The question the Kölnische Zeitung puts is: how does the Rheinische Zeitung know
“that we did not combine with this intention” (i.e., the intention to publish Herwegh’s letter) “the other intention as well” (signo haud probato [in no way proved]), “namely, to add the rebuke which the childish petulance of the author deserved?"
But how does the Kölnische Zeitung know what was the intention of the Leipziger Allgemeine Zeitung in publishing Herwegh’s letter? Why, for example, could it not have had the harmless intention of being the first to publish an item of news? Or why not, perhaps, the loyal intention of simply submitting the letter to the judgment of public opinion? We should like to relate an anecdote to our lady neighbour. In Rome, the publication of the Koran is prohibited. But a cunning Italian found a way out of the situation. He published a refutation of the Koran, i.e., a book, the title page of which bore the heading “Refutation of the Koran”, but after the title page it contained a simple reprint of the Koran. Have not all.heretics employed such a ruse? Was not Vanini burned at the stake in spite of the fact that in his Theatrum mundi, while propagating atheism, he carefully and ostentatiously brought out all the arguments against it? Did not even Voltaire in his book La Bible enfin expliquie preach unbelief in the text and belief in the notes, and did anyone believe in the purifying power of these notes? But, our worthy lady neighbour concludes,
“if we had this intention, could our acceptance for publication of an already well-known document be put on a par with the original publication?”.
But, dearest lady neighbour, the Leipziger Allgemeine Zeitung, too, only published a letter that had already been circulated in many copies. “In faith, my lord, you are too wilful-blame.” [Shakespeare, King Henry IV, Part One, Act Ill, Scene 1]
The papal encyclical ex cathedra [as incontestable truth] of August 15, 1832, the day of the Assumption of the Virgin Mary, states:
“It is madness (deliramentum) to assert that every man is entitled to freedom of conscience; freedom of the press cannot be sufficiently abhorred”.

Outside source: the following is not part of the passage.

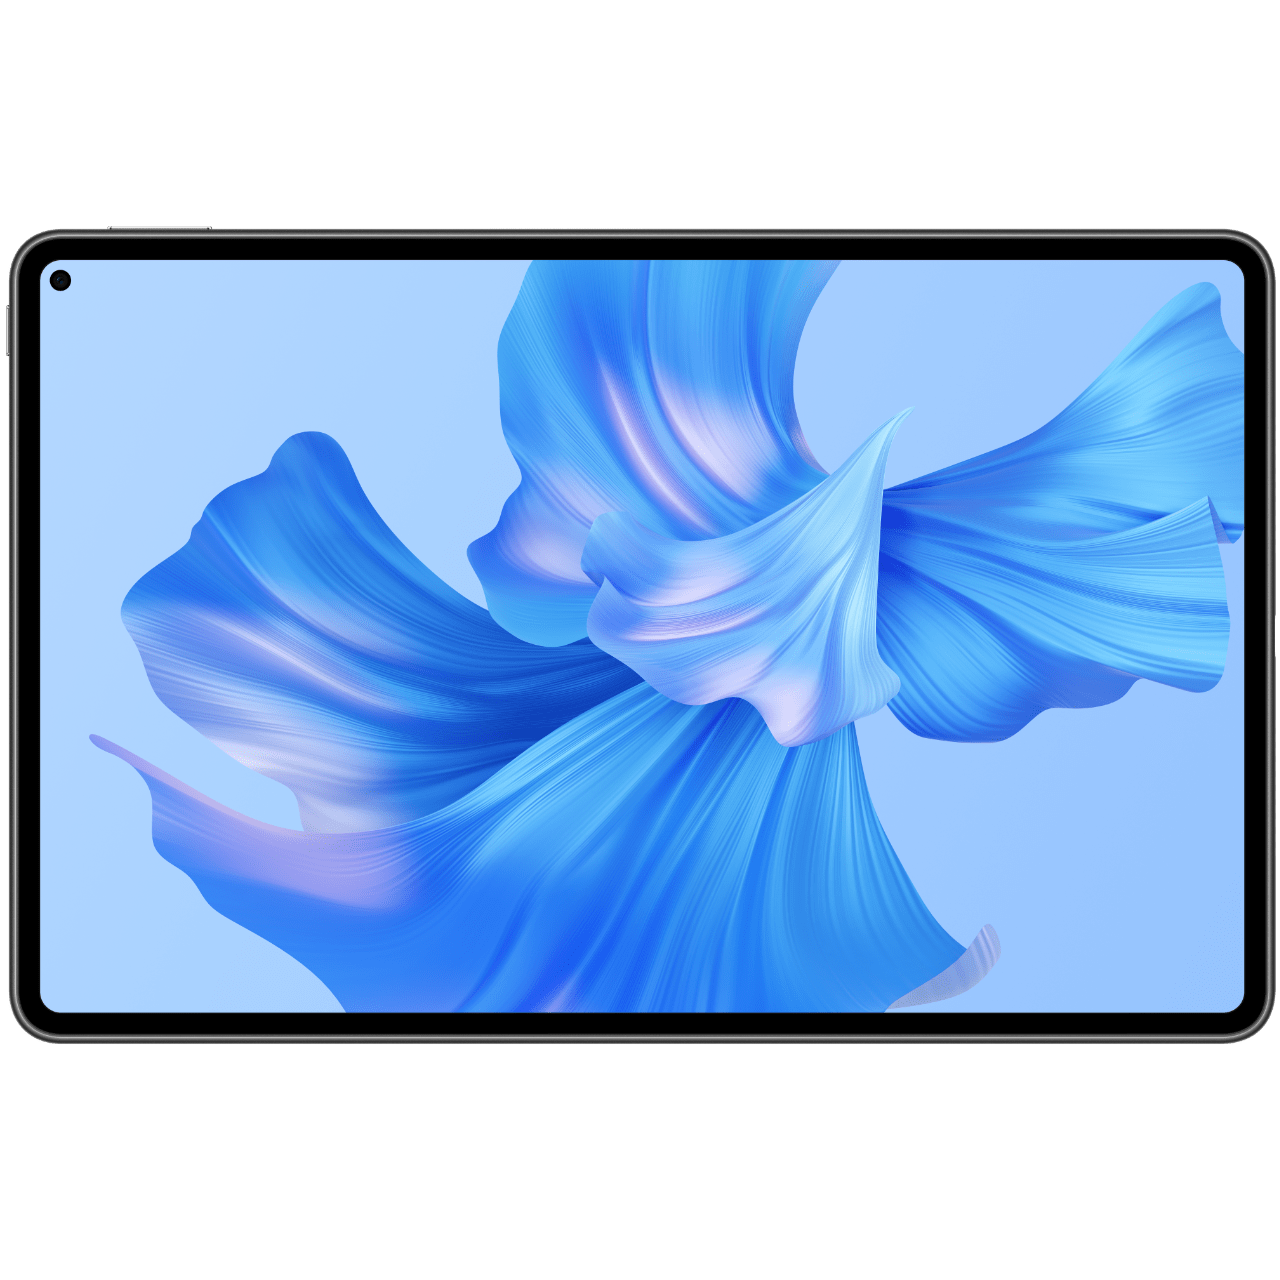 Huawei MatePad Pro 11 (2022)

This pronouncement transfers us from Cologne to Koblenz, to the “moderate” newspaper, the Rhein- und Mosel-Zeitung. After the quotation given above, that newspaper’s woeful outcry against our defence of press freedom becomes understandable and justified, however strange it is after that to hear also that she would like to be included “among the very zealous friends of the press”. From the paper’s “moderate” columns today have sprung forth not, it is true. two lions but a lion’s skin and a lion’s cowl, to which we shall pay due attention from the point of view of natural history. No. 1 expresses its feelings, inter alia, as follows:
“On its part” (i.e., of the Rheinische Zeitung) “the struggle is conducted in such a loyal way that from the outset it assures us that, for the sake of the ‘legal position’ which is so dear to its,heart, it would protest even against a ban on the Rhein- und Mosel-Zeitung. This assurance would be in an equal degree flattering and soothing for us but for the fact that in the same breath there happened to escape from the mouth of the knight who champions every freedom of the press that has been violated a vilification of the Münchener historisch-politische Blätter, which is well known to have been long ago actually banned here."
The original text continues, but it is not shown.